Innate immune sensing in the tumor microenvironment (TME) is a critical step in promoting spontaneous tumor-initiated T cell priming and subsequent tumor-infiltrating lymphocytes (TILs) infiltration. Spontaneous tumor-initiated T cell priming is dependent on IFN-β production by tumor-resident dendritic cells. In particular, activating STING induces the signature cytokine IFN-β. Activation of the STING pathway in tumor-resident host antigen presenting cells (APCs) is required for induction of a spontaneous CD8+ T cell response against tumor-derived antigens in vivo. Bacterial infection produces exogenous cyclic dinucleotides (CDNs), and host cyclic GMP-AMP synthetase (cGAS) produces a structurally distinct endogenous cyclic dinucleotide. In this study, Leticia Corrales, et al selected ADU-S100 (ML RR-S2 CDA) as the lead molecule for continued development. Especially, ADU-S100 is a strong agonist of the mSTING pathway in vitro and in vivo.

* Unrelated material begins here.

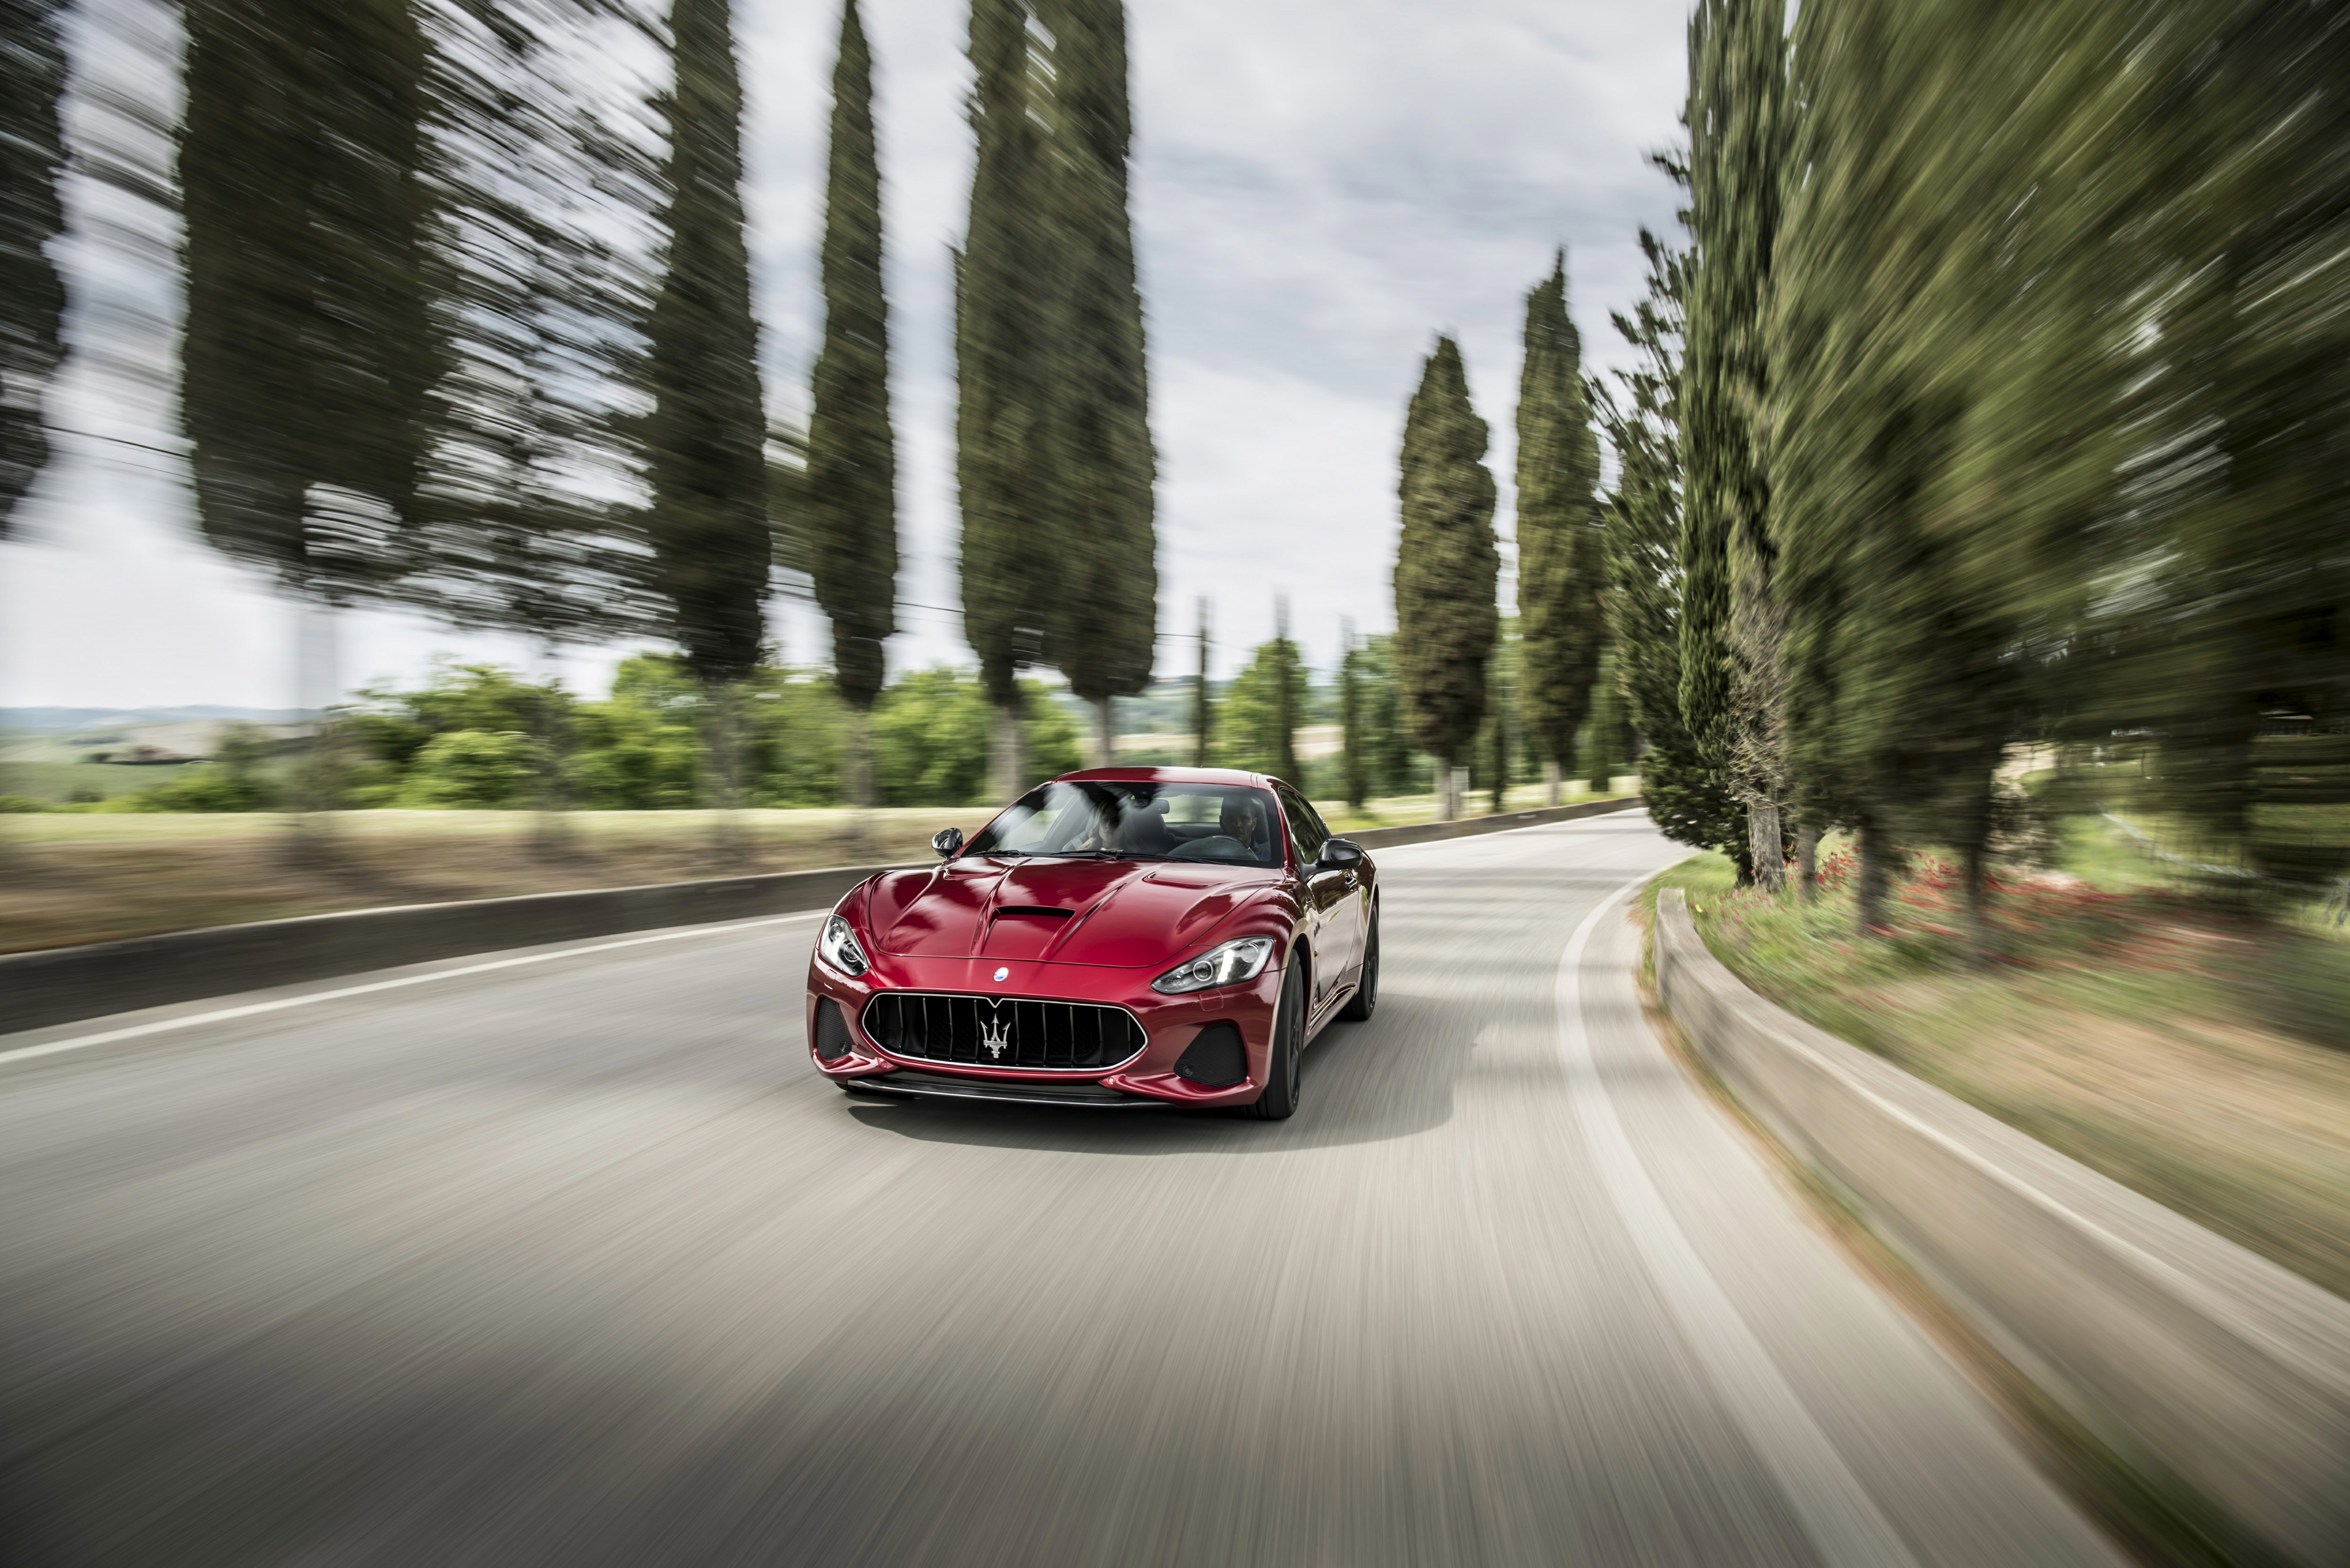 Maserati Granturismo 2018 , HD Wallpaper & Backgrounds

ADU-S100 has high translational potential as a therapeutic intervention strategy to induce activation of the tumor microenvironment in multiple tumor types. Particularly, ADU-S100 has the mechanistic goal of generating effective tumor-initiated CD8+ T cell priming and lasting antitumor efficacy. ADU-S100 also induces aggregation of STING and induce phosphorylation of TBK1 and IRF3 in mouse bone marrow-derived macrophages (BMM). Besides, ADU-S100 induces significantly high levels of IFN-α. Importantly, ADU-S100 also shows high anti-tumor control than the endogenous ML cGAMP. ML RR-S2 CDA induces lasting immune-mediated tumor rejection in multiple tumor types. Together, ADU-S100 promotes immune-mediated tumor rejection.
All in all, these results demonstrate that ADU-S100 eradicates multiple tumor types and primes an effective systemic CD8+ T cell immune response that significantly inhibits the growth of distal, untreated lesions.